§ About this exercise
Write out the whole listing below exactly, skipping each picture.

§ Available data

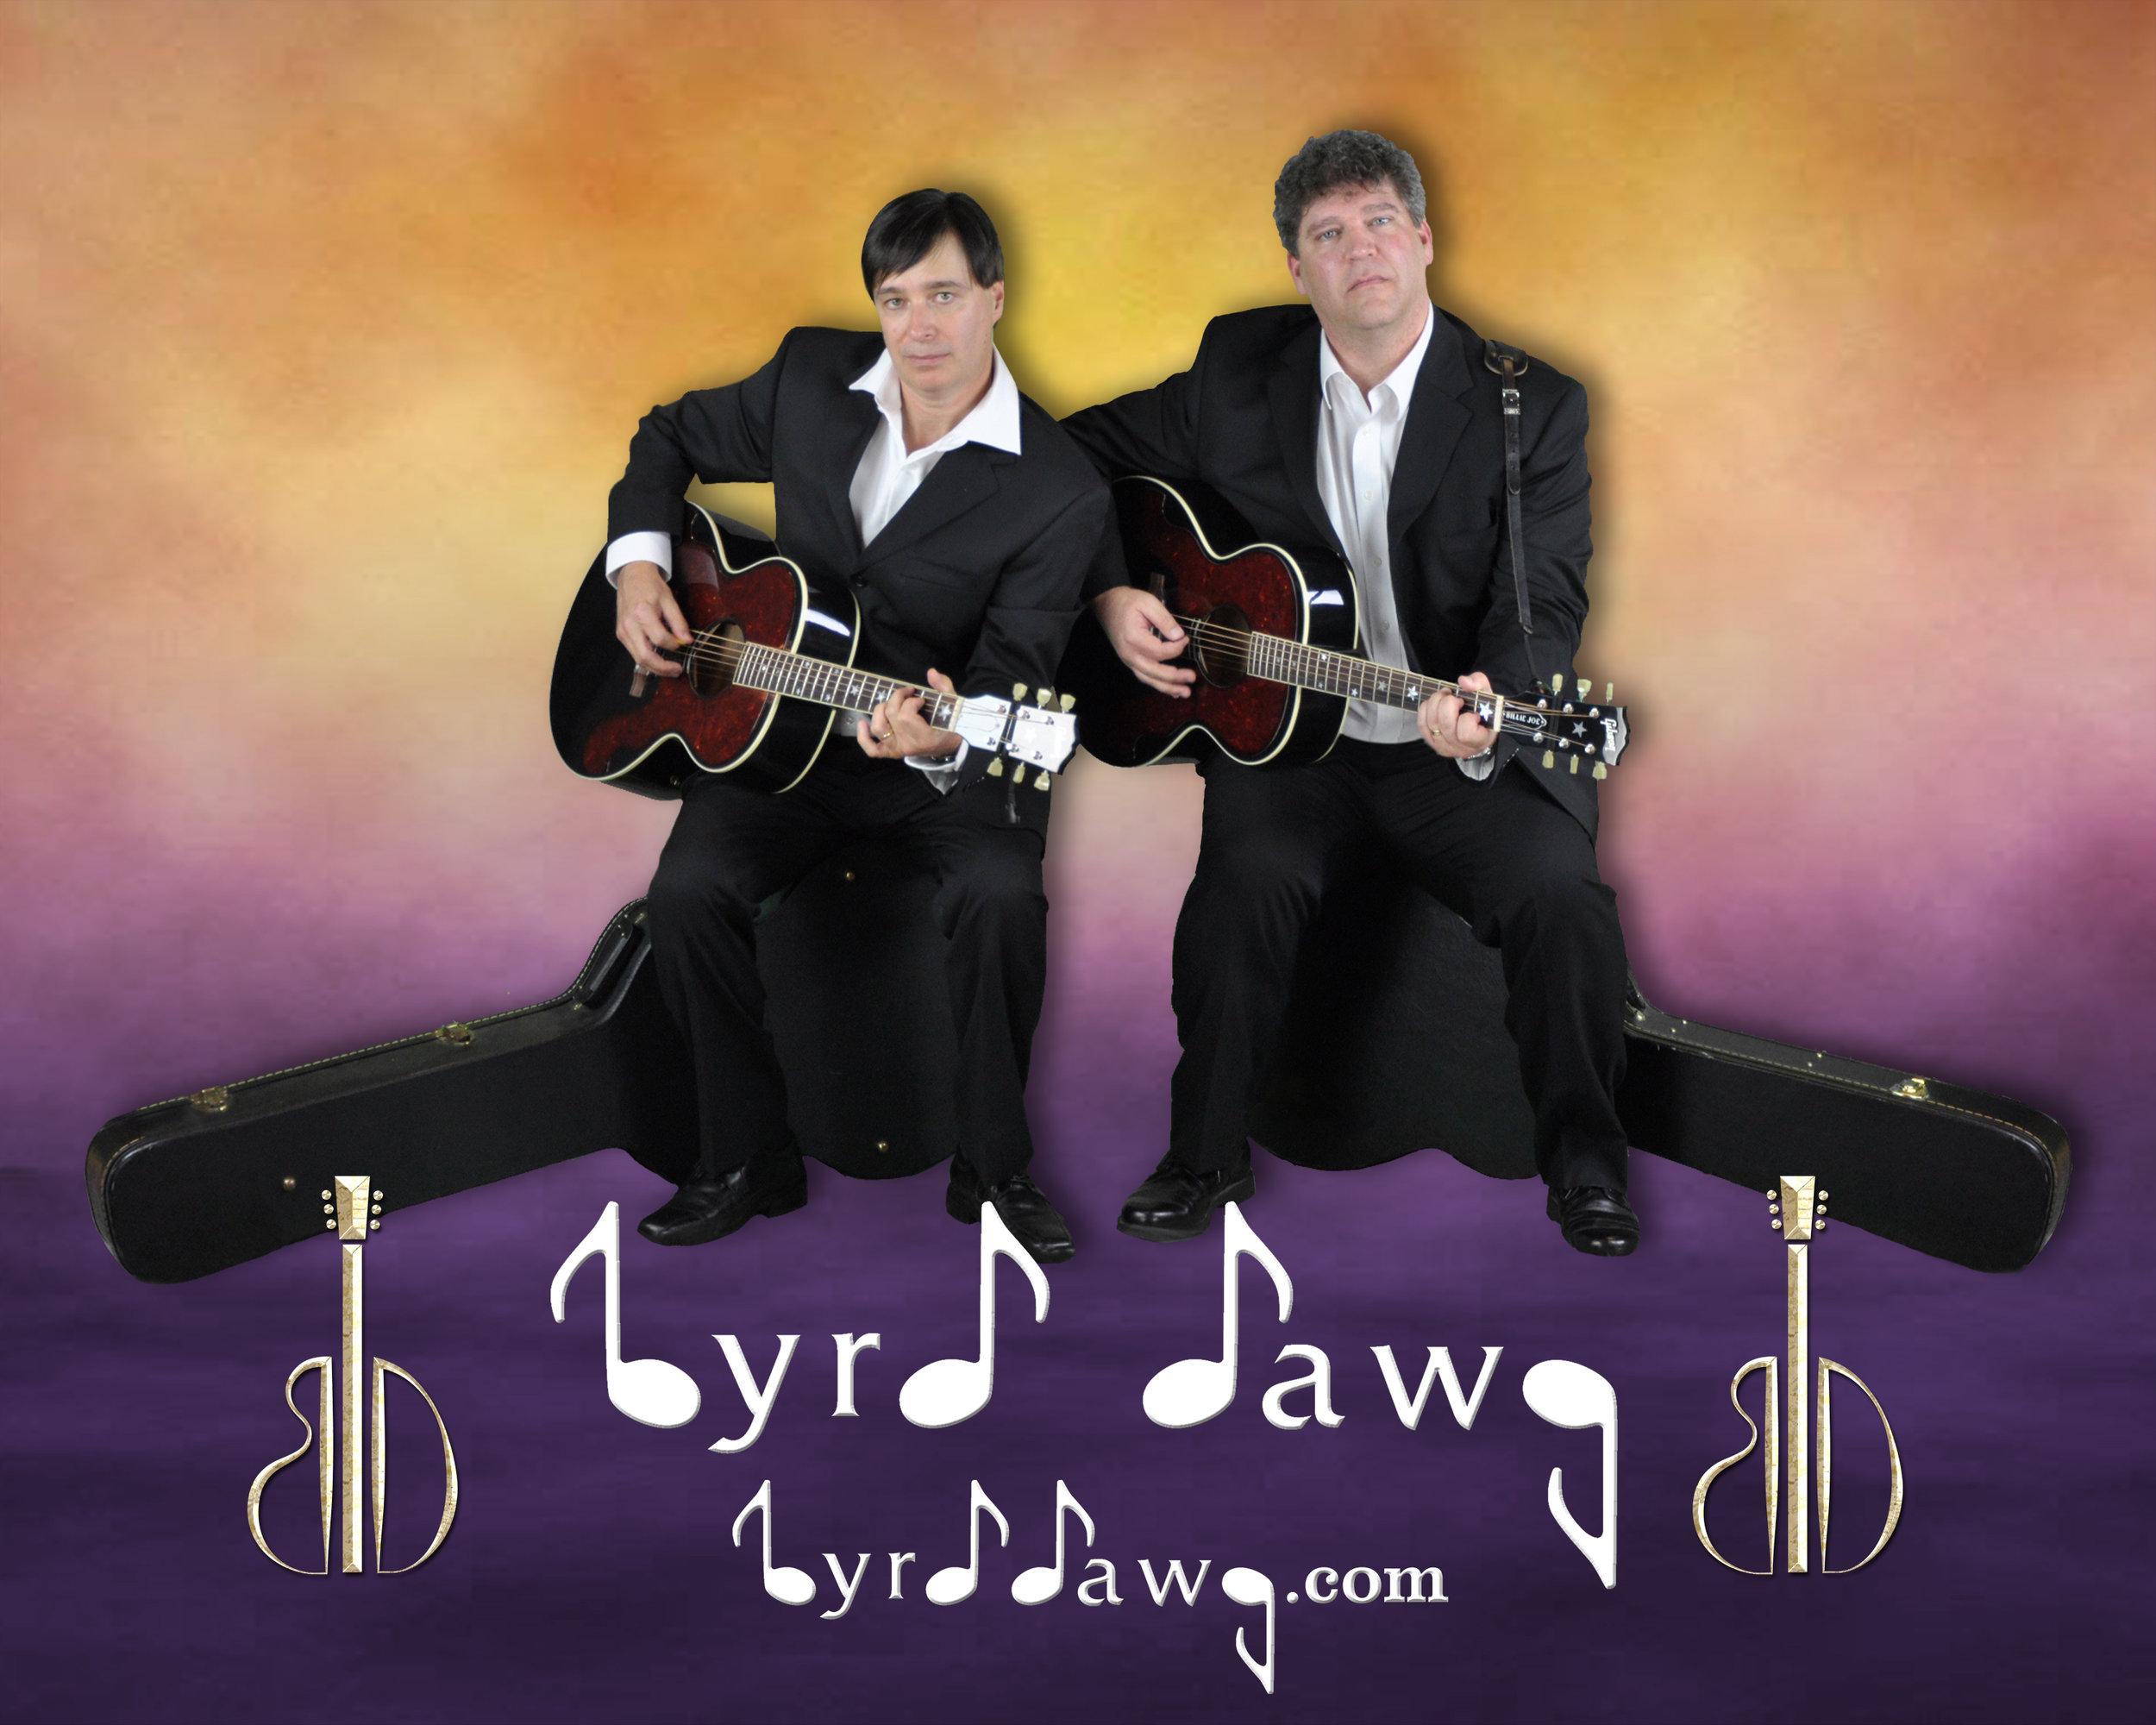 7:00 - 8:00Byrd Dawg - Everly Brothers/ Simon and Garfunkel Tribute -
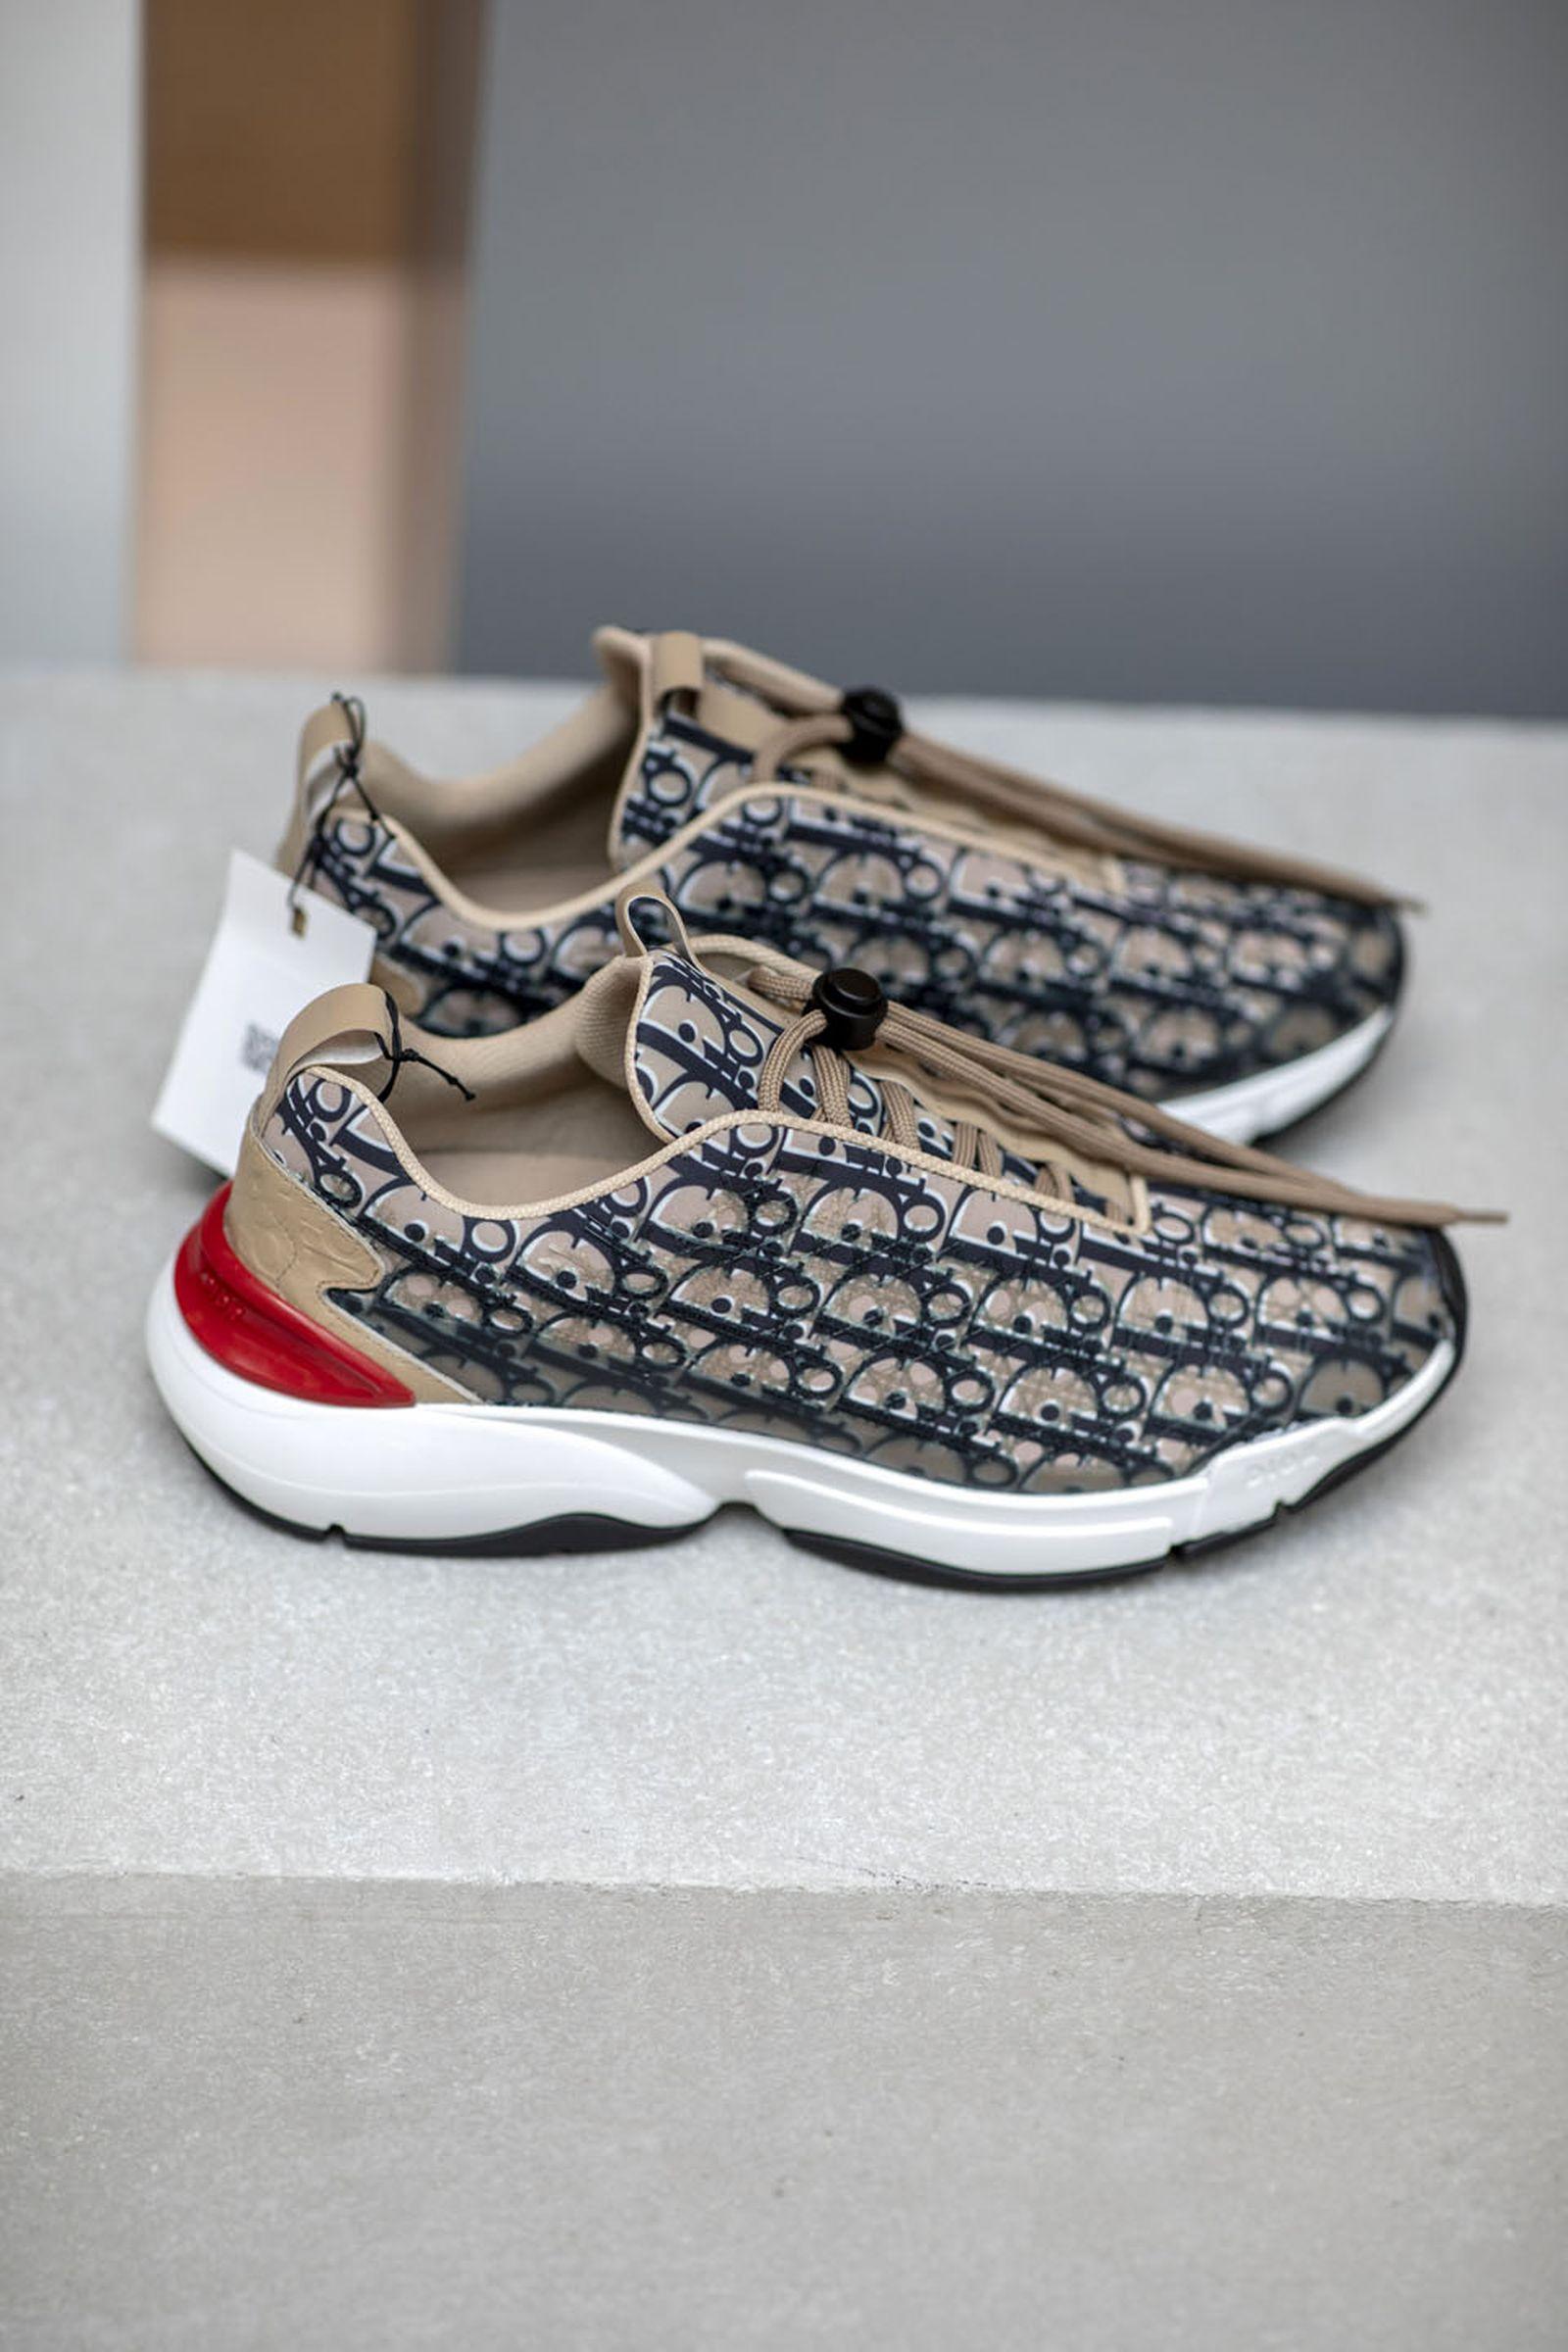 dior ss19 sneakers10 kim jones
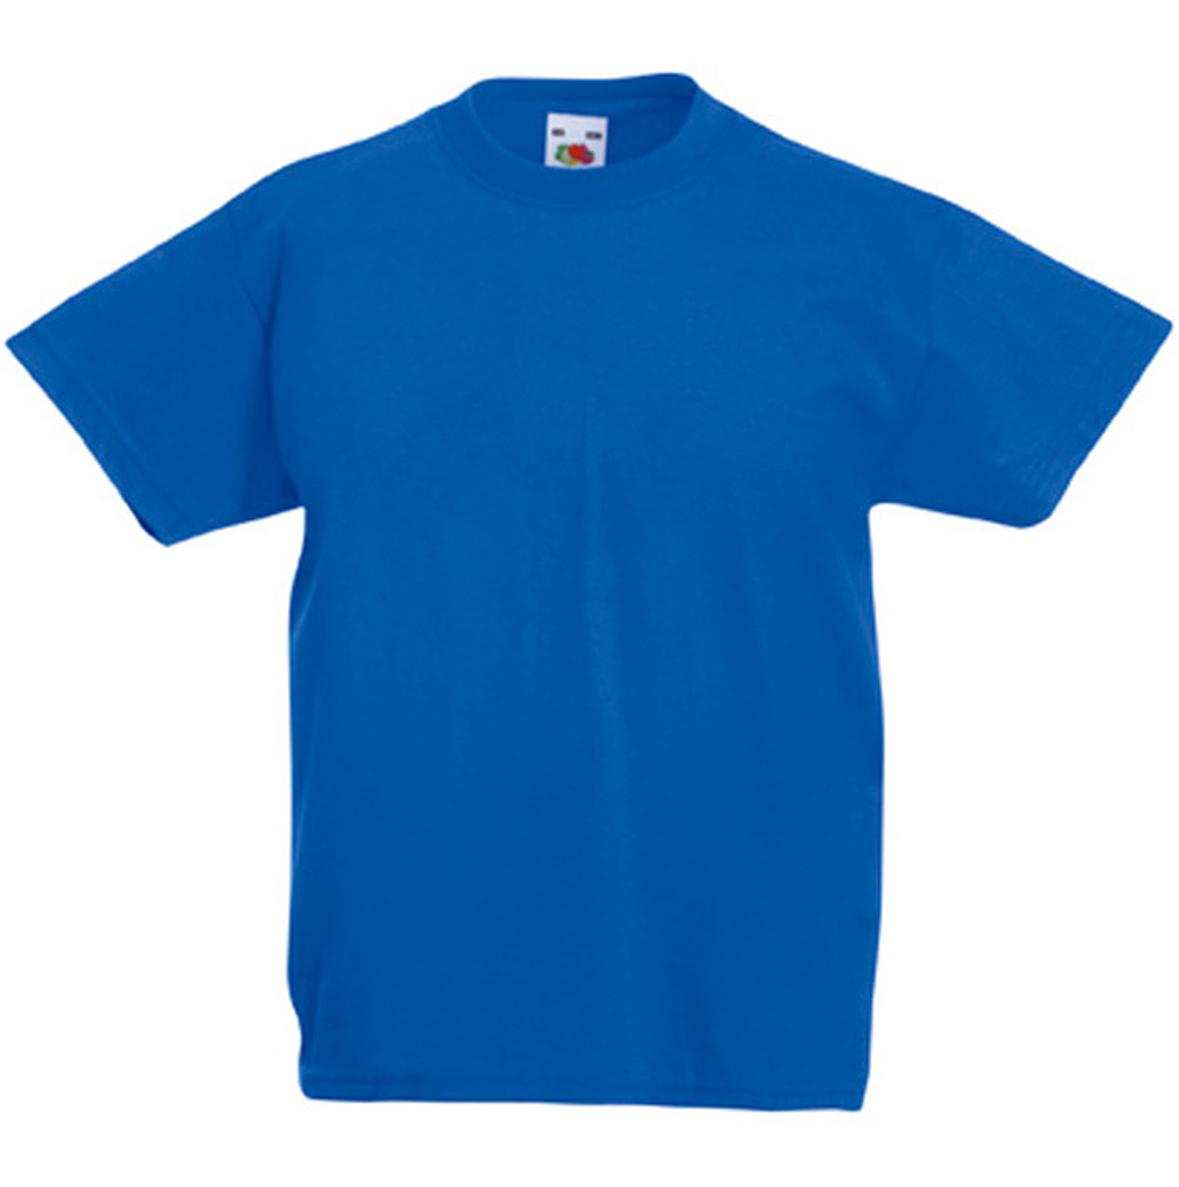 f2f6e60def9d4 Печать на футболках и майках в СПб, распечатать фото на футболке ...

§ Answer section
 7:00 - 8:00Byrd Dawg - Everly Brothers/ Simon and Garfunkel Tribute -
 dior ss19 sneakers10 kim jones
 f2f6e60def9d4 Печать на футболках и майках в СПб, распечатать фото на футболке ...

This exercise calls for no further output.